Google Reader improvements

The new Google Reader trends page

I had­n’t touched Google Read­er since tak­ing a brief look at its ini­tial launch in Octo­ber 2005. I’m now using it as my pri­ma­ry read­er, hav­ing grown tired of Rojo’s poor per­for­mance and fre­quent inter­face over­hauls. There’s a few things that have real­ly improved since that first release. I’ll sum them up briefly here:

  • Unclut­tered, sim­ple inter­face. They’ve gone back to basics and mim­ic a plain desk­top appli­ca­tion UI. Hard­ly any super­flu­ous web 2.0 fea­tures demand your attention.
  • Trends page (I’ve book­marked a few arti­cles on this); which allows you to look at the feeds you’ve been read­ing the most but, more impor­tant­ly, allow you to weed out the ones you nev­er look at or have died. Essen­tial for some­one who has over 200 feeds to track.
  • Mul­ti-fold­er organ­is­ing, not quite free tag­ging (which is a shame) but still nice for the folk­so­nom­i­cal­ly inclined.
  • When scrolling through a list of expand­ed new feed items, Read­er auto­mat­i­cal­ly marks items you’ve scrolled past as read.
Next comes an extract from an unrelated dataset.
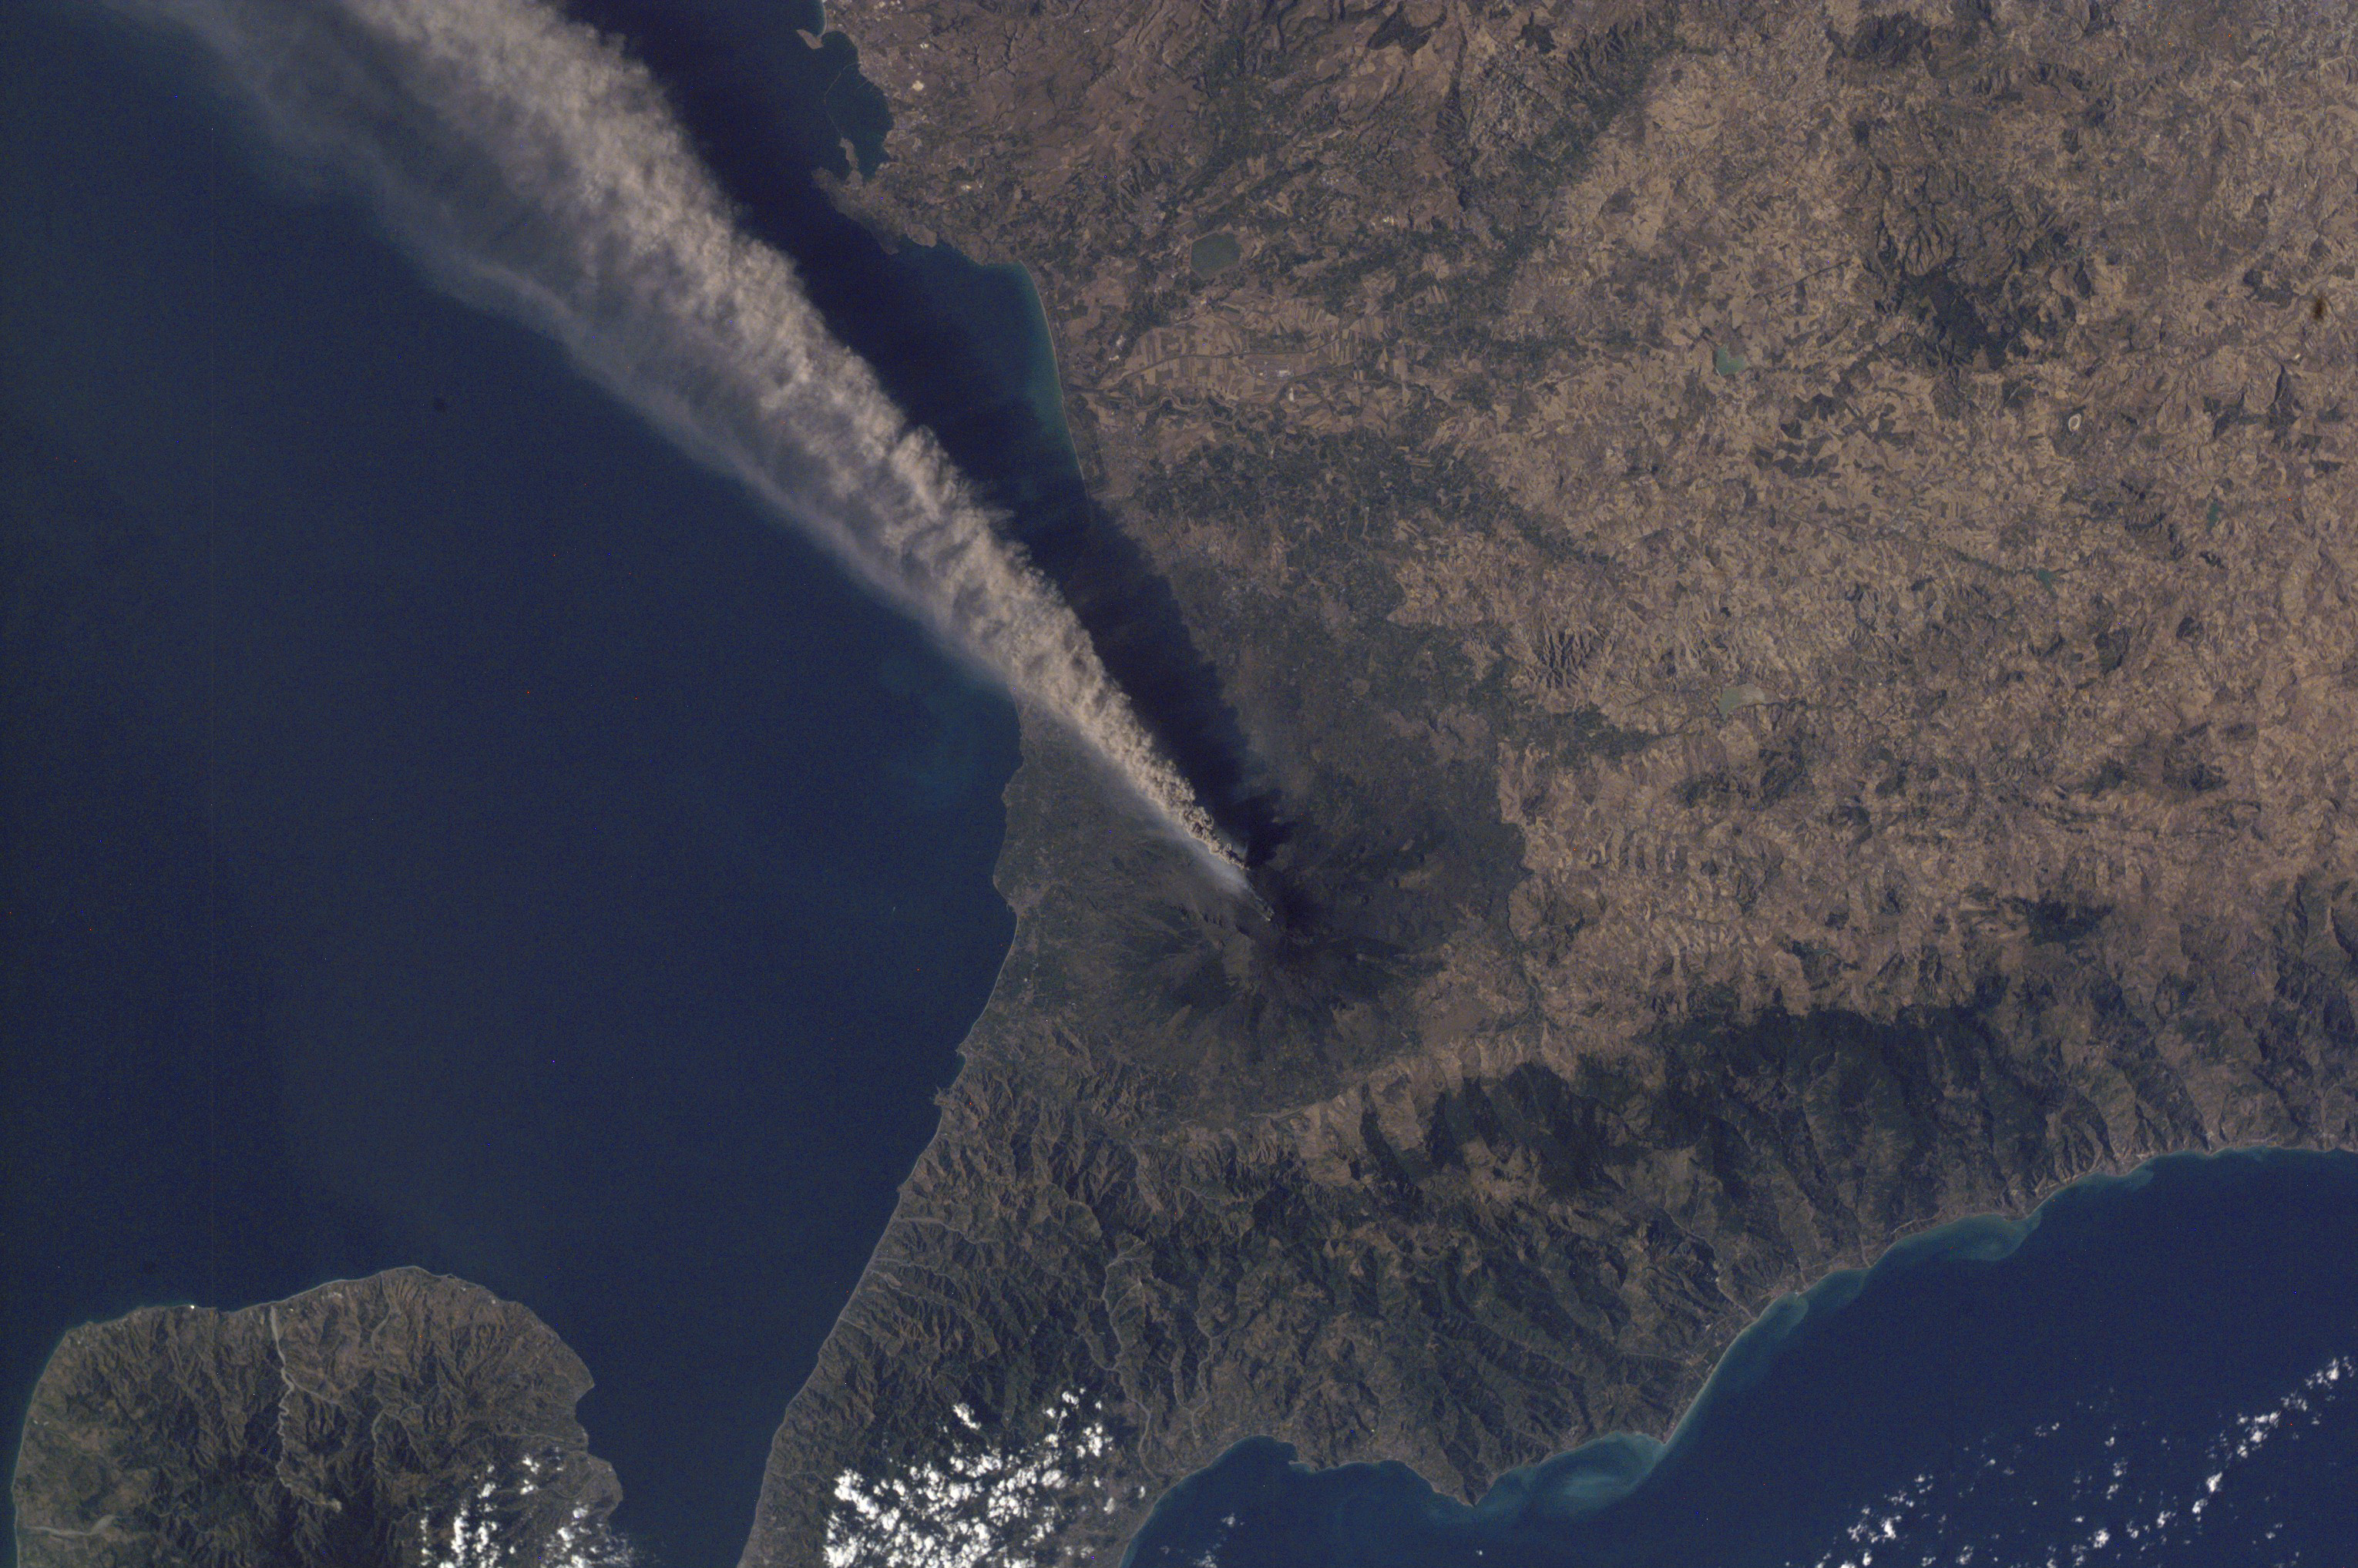 Ash Plume Streams from Mt. Etna, Sicily - related image preview

Which great­ly reduces the excise oth­er web-based read­ers force on their users when want­i­ng to mark a feed as read. 
  • Per­for­mance is accept­able to good. It’s not as fast as Gmail, but vast­ly supe­ri­or to Rojo for instance, despite the con­sid­er­able use of AJAX.
  • There is an unof­fi­cial Mac OS X noti­fi­er that uses Growl.

Most of these fea­tures are not includ­ed in one or both of the pre­vi­ous two web-based read­ers I used for a length of time (Blog­lines and Rojo). Google have real­ly come up with some­thing nice here. I won­der when it’ll move out of the lab.
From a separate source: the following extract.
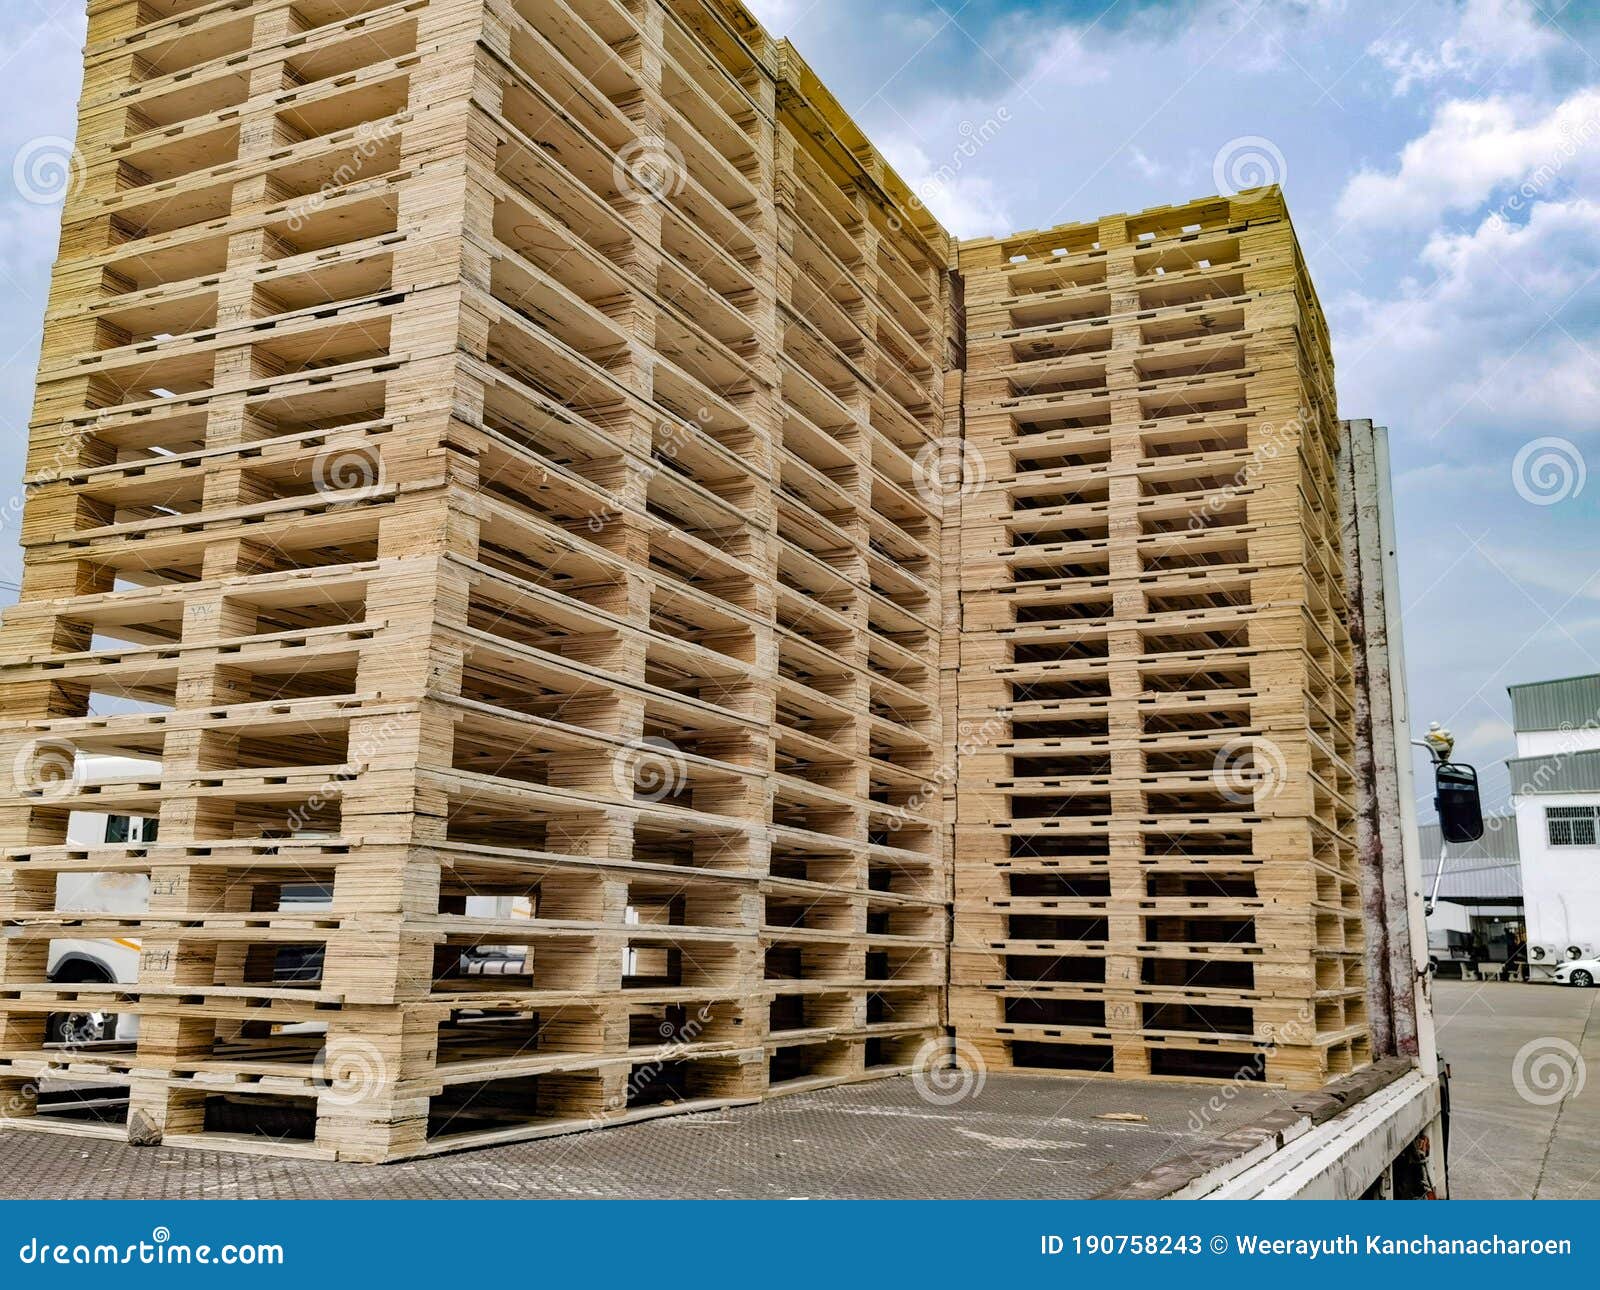 Worker Driving Forklift To Loading And Unloading Wooden Pallets From Truck To Warehouse Cargo Storage Shipment In Logistics And Stock Image Image Of Cardboard Construction 190758243

Why am I not using a desk­top based read­er? I’d like to (Net­NewsWire’s great for instance), just as I’d love to use a prop­er desk­top email client, but my mul­ti-plat­form, mul­ti-machine per­son­al and pro­fes­sion­al use does­n’t allow me too. I work on at least two sep­a­rate PCs at work (a desk­top and a lap­top) and have a cute lit­tle iBook that I use at home. This all means I am a real web OS user. Fire­fox as brows­er (with Google Brows­er Sync to keep it the same across all installs), Google Read­er for RSS, Gmail for email and (until recent­ly) Google Cal­en­dar for, well, my cal­en­dar. Is it coin­ci­dence I seem to pre­fer Google prod­ucts for these things? Prob­a­bly not, Google seems to be doing a very good job at these kind of pro­duc­tiv­i­ty appli­ca­tions (just as Yahoo! seem to be lead­ing the way in social applications).